Gallbladder bile was isolated and analyzed for cholesterol, phospholipids, and bile acids by enzymatic assay (Roche, Wako).
Total liver lipids were extracted with Folch extractions. Briefly, snap-frozen liver tissues (∼100 mg) were homogenized and extracted twice with chloroform/methanol (v/v = 2:1) solution. The organic layer was dried under nitrogen gas and resolubilized in chloroform containing 2% Triton X-100. This extract was dried again and resuspended in water and then assayed for total cholesterol and triglyceride concentration using commercial kits as described above.
IPGTT
For the intraperitoneal glucose tolerance test (IPGTT), mice were fasted for 6 h following the dark (feeding) cycle. After intraperitoneal injection of glucose (in physiologic saline) (2g/kg of body weight), blood was drawn from the tail vein at 0, 15, 30, 60, and 120 min. Blood glucose levels were measured from tail blood using a handheld blood glucometer (Bayer). IPGTTs were performed on mice 3–4 days prior to euthanasia.
RNA isolation and qPCR
Total RNA was isolated using TRIzol reagent (Invitrogen), followed by RNeasy cleanup (Qiagen), according to the manufacturer's instructions. For RT-PCR analysis, RNA was treated with Dnase I (Ambion), and 1–5ug was reverse transcribed using Superscript III (Invitrogen) with random haxamer primers.
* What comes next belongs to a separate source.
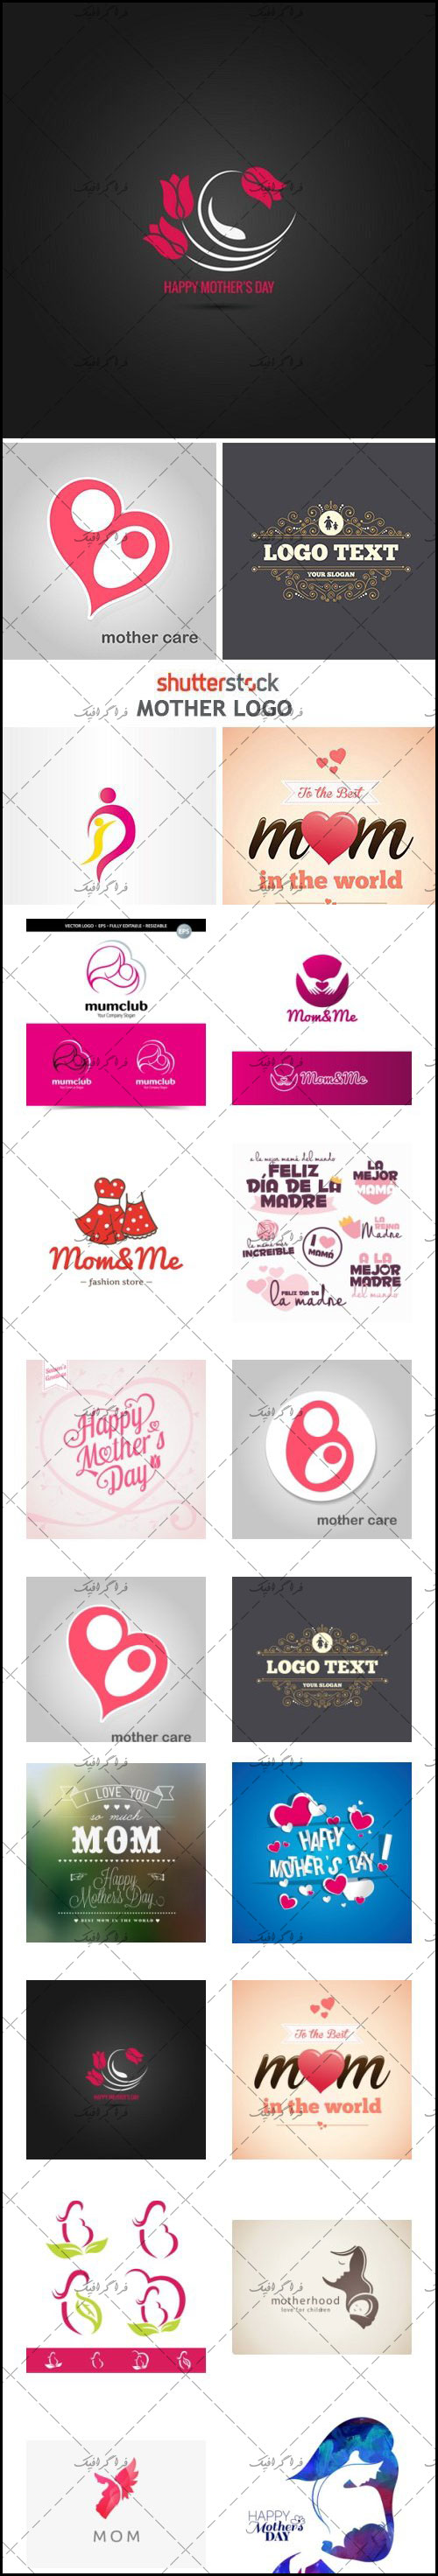 دانلود لوگو های روز مادر - Mother Logos

A 7900HT Sequence Detection System (Applied Biosystems) was used with the thermal cycling profile, 95°C for 10 min; 40 cycles of 95°C 30 s, 60°C 30 s, 72°C 1 min; 95°C 15 s, 60°C 20 s, 95°C 15 s (dissociation curve for SYBR Green reactions). The threshold was set in the linear range of normalized fluorescence, and a threshold cycle (Ct) was measured in each well. Each sample was amplified in duplicate for the genes of interest and the housekeeping gene GapDH. Each cDNA value for genes of interest was then normalized to the corresponding value for the housekeeping gene GapDH and expressed as a ratio, allowing for variability in the initial quantities of mRNA. All primers are listed in supplementary Table I.
DNA microarray analysis
Target preparation and hybridization.
All protocols were conducted as described in the Illumina GeneChip Expression Analysis technical manual. Total RNA was purified from 10 to 20 mg of wet tissue using Qiagen RNeasy Mini kit according to the manufacturer's recommendations (Qiagen, Valencia, CA). RNA quality was assessed using the Agilent 2100 Bioanalyzer and the RNA 6000 Nano kit (Agilent Technologies Inc., Palo Alto, CA). Approximately 500 ng of total RNA was used to prepare biotin-labeled RNA using Ambion Illumina TotalPrep RNA Amplification Kit (Cat# AMIL1791, Applied Biosystems, Foster City, CA).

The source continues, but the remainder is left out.